Conditional aggregation of data

Data aggregation represents a mathematical operation (summarization, counting, averaging) that we perform over a set of data. Conditional aggregation, as its name implies, is performing data aggregation over a set of data that meets certain condition which is contained within a given data range. In this “recipe” we’ll cover functions that use single condition for performing aggregation.

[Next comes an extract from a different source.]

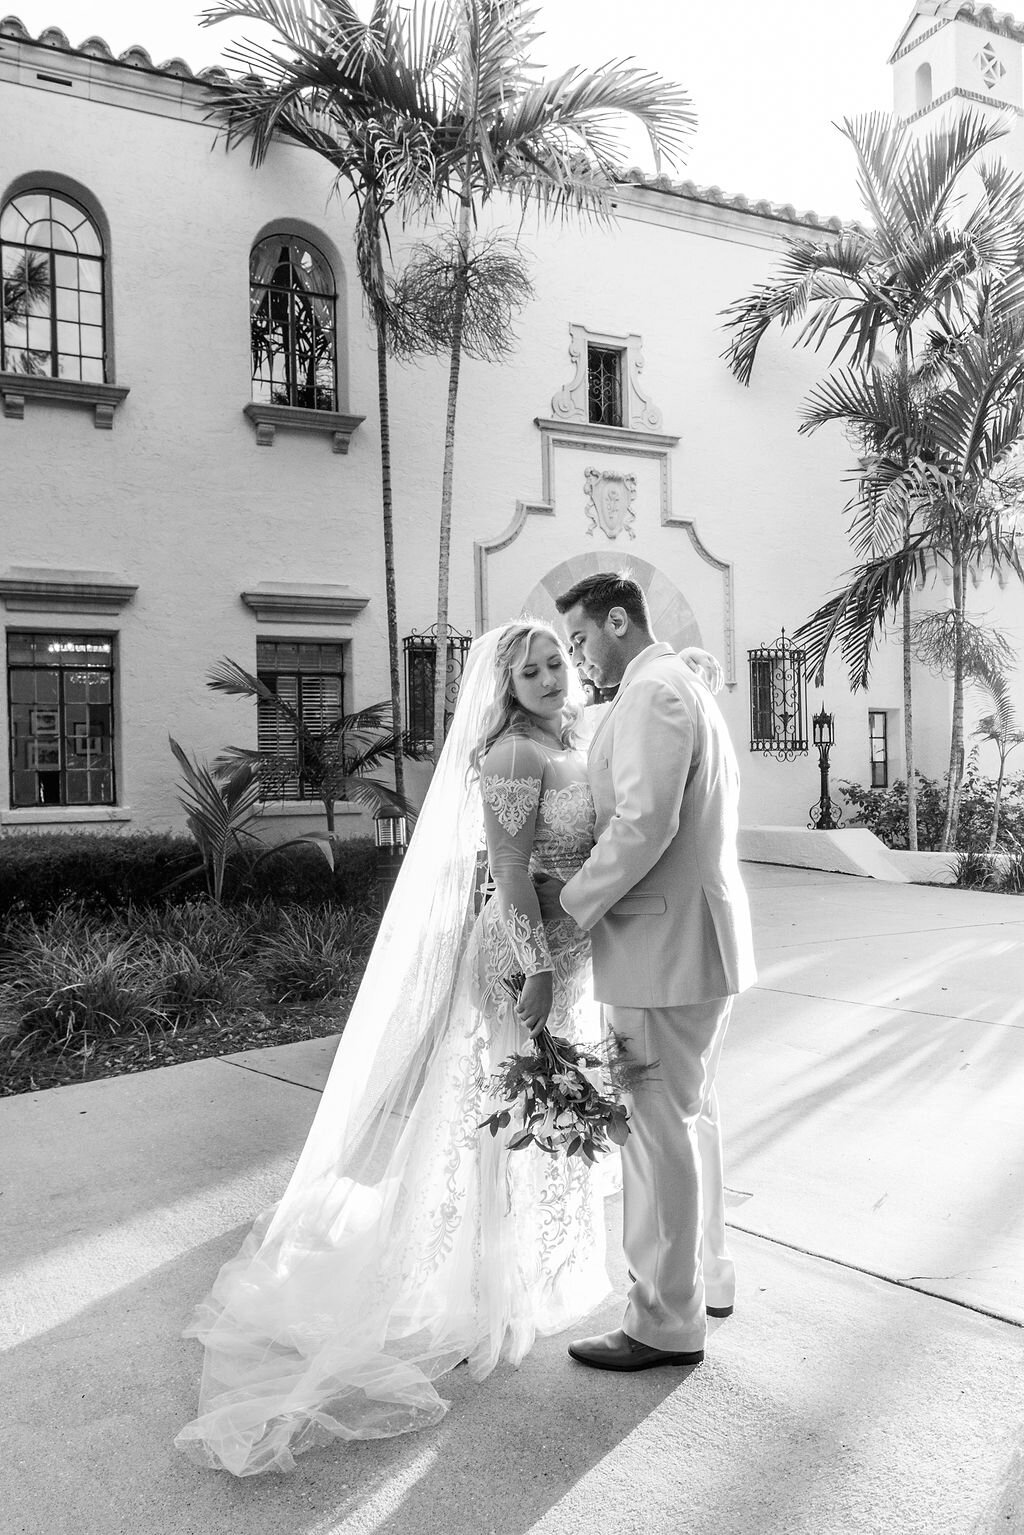 Romantic Powel Crosley Estate wedding in Sarasota, Florida

We will start with the frequently used aggregation function, which is the SUMIF function. Its syntax:

SUMIF (<range>, <criteria>,<sum range>)

00054-1The first argument of this function is the range of cells. The range is a set of cells in a column of a table, an entire column, or a named column. Second argument is the criterion to compare the cells of the previously defined range. This can be a value (text under the signs, number, date, logical value) or condition specified under the signs. The third argument is sum range: a range of cellst that we summarize in case that certain cell meets given criterion. In the sequence of examples that follow, we will explain how everything is possible to use this function.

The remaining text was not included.